O PAN vive de duas áreas sectoriais, que são efectivamente importantes, e que deveriam integrar com o devido relevo os programas de governo dos partidos do regime; só a incompetência dos grandes partidos abre espaço a este fenómeno sectorial de alcance imprevisível. Não, o PAN não é alternativa a nada, provou que não é travão aos desmandos de Costa, não se sabe o que realmente pensa sobre áreas fulcrais da governação, é apenas um sintoma preocupante da crise no sistema partidário.

Se não se evitar pelo voto democrático uma maioria de esquerda e extrema-esquerda na fasquia constitucional dos dois terços, teremos 45 anos depois, pela via do voto desistente, o garrote que o PREC não conseguiu à força.
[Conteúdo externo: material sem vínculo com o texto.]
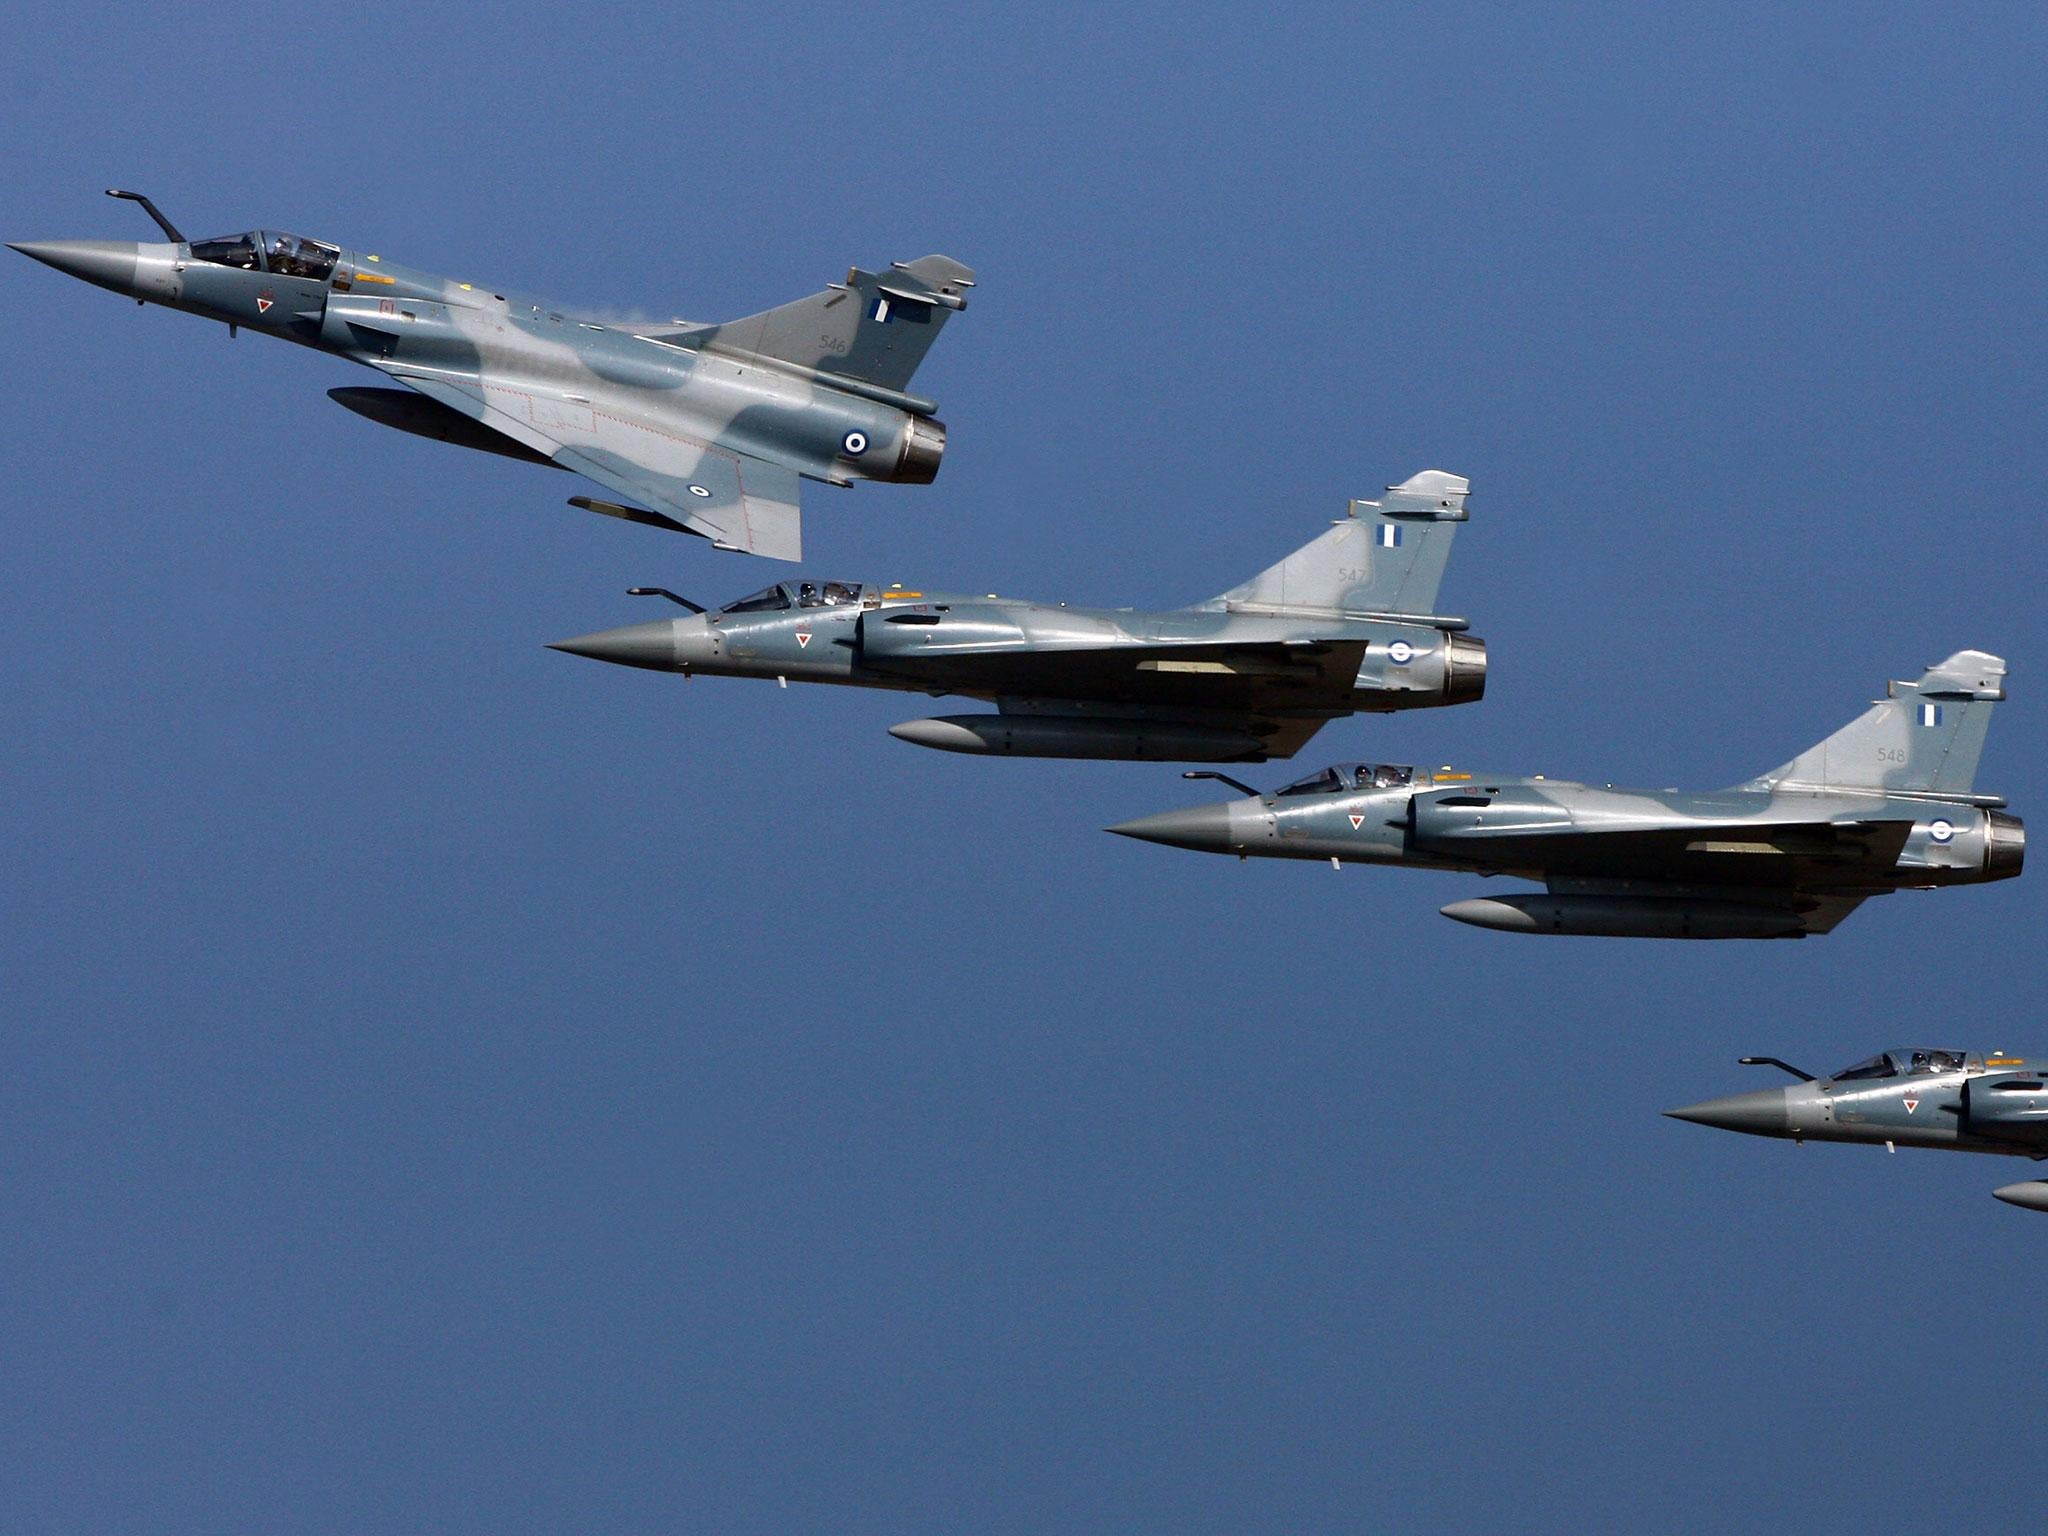 File image: Greece incorporated 15 Mirage 2000-5 fighter jets into its airforce in 2007

Sim, será como quando os comunistas foram votar Eanes; tapem o símbolo, esqueçam Rio e Assunção, tapem o nariz, o que quiserem, mas preservem a democracia. O PSD e o CDS poderão encontrar novas lideranças e direcções e regenerar-se de seguida, o país poderá não aguentar a venezuelização que se perspectiva.

O autor escreve de acordo com a antiga ortografia.